News item: Ginni Thomas, lawyer, conservative activist and wife of Supreme Court Justice Clarence Thomas posted pictures of African-Americans claiming to have left the Democratic party. The problem is that the pictures were stock photos, and the quotes were fake.

In this era of “fake news,” bots and stock photos, this might seem par for the course. What makes this report particularly outrageous is that Ginni Thomas is the white wife of the sole African-American seated on the Supreme Court.

Similarly, in and of itself, an African-American being married to a white person is no longer news. Clarence Thomas, however, was put on the Supreme Court to replace one of the titans of American jurisprudence: Thurgood Marshall.

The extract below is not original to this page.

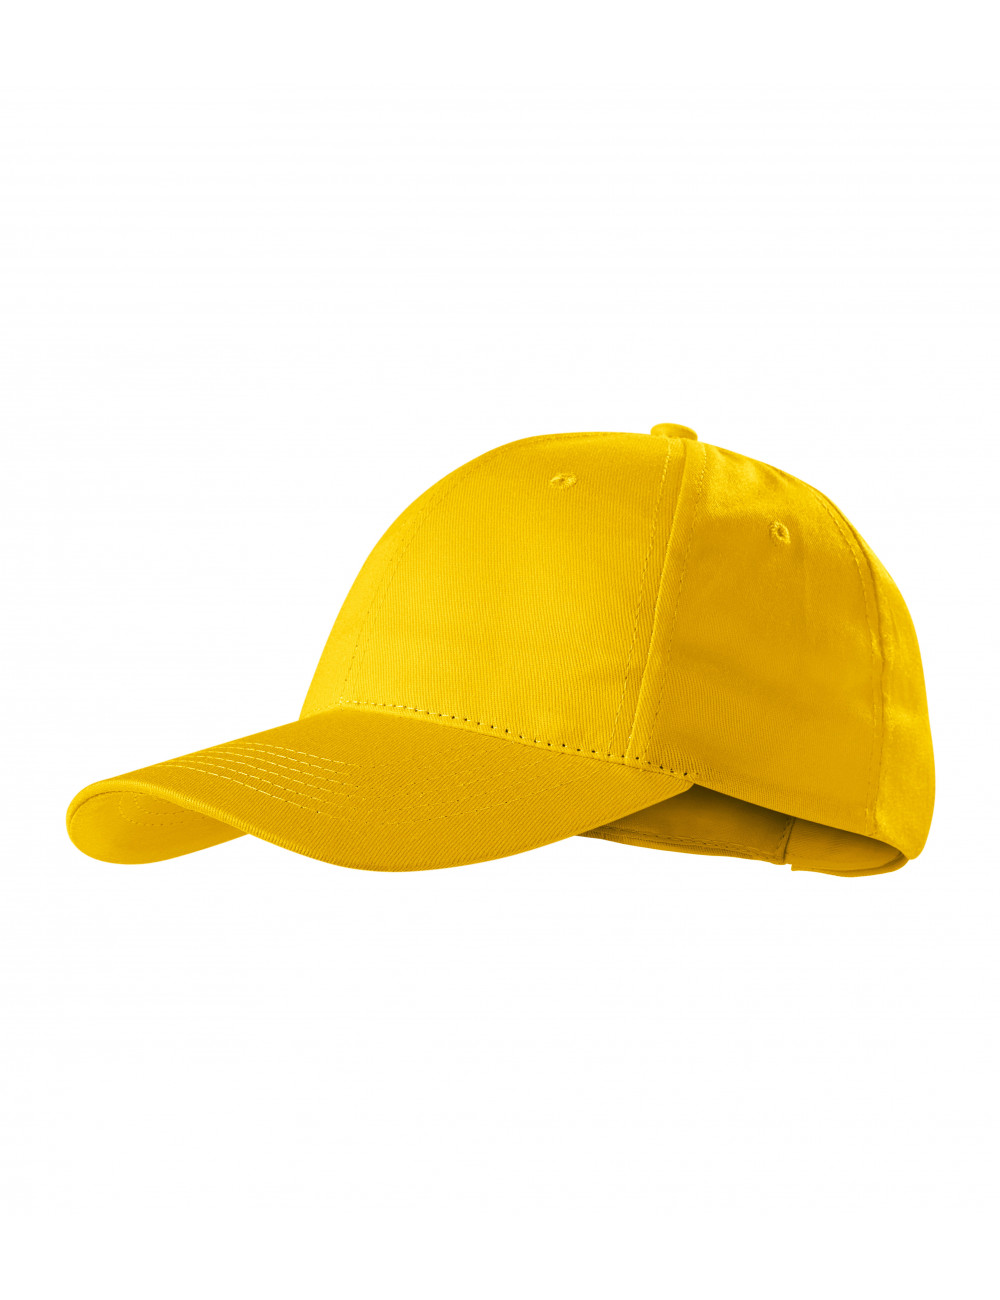 Adler PICCOLIO Czapka unisex Sunshine P31 żółty

At the time, Clarence Thomas was a relatively undistinguished judge having spent just over a year on the federal bench. When then-President George H.W. Bush nominated him to replace Justice Marshall, Bush called him the “best qualified [nominee] at this time.” Given how many impressive jurists were on the Court of Appeals with him, including later-to-be-named Justice Ruth Bader Ginsberg, it is hard to imagine how Bush’s statement had any merit. Instead, it is likely that he was the only young, reliably conservative African-American Appeals Court Judge Bush could find at the time. To replace the civil rights icon Thurgood Marshall, Bush felt he needed to appoint an African-American, but he had so few conservative Republicans to choose from. Thus, Thomas got the nod.

Clarence Thomas’s hearings became big news upon the revelation of allegations of sexual harassment by lawyer and former EEOC staffer Anita Hill. Thomas’s prior government position had been head of the EEOC, and as such, he was Hill’s supervisor. Anybody involved in politics at the time believed Anita Hill — it took a serious case of denial to believe otherwise. But this was one of the first cases of sexual harassment allegations being leveled against a powerful man. 1991 was a long time before #MeToo.

For his defense, Thomas called Hill’s believable claims part of a “high-tech lynching,” using language that evoked the outrageous violence of KKK terrorism. These hearings were nothing like those lynchings, though. If anyone was browbeaten in that process, it was Anita Hill. Indeed, looking back on quotations by now-active feminists such as Joe Biden is shocking. Biden, in fact, worked to stop other witnesses from appearing before his committee who would have supported Anita Hill’s allegations.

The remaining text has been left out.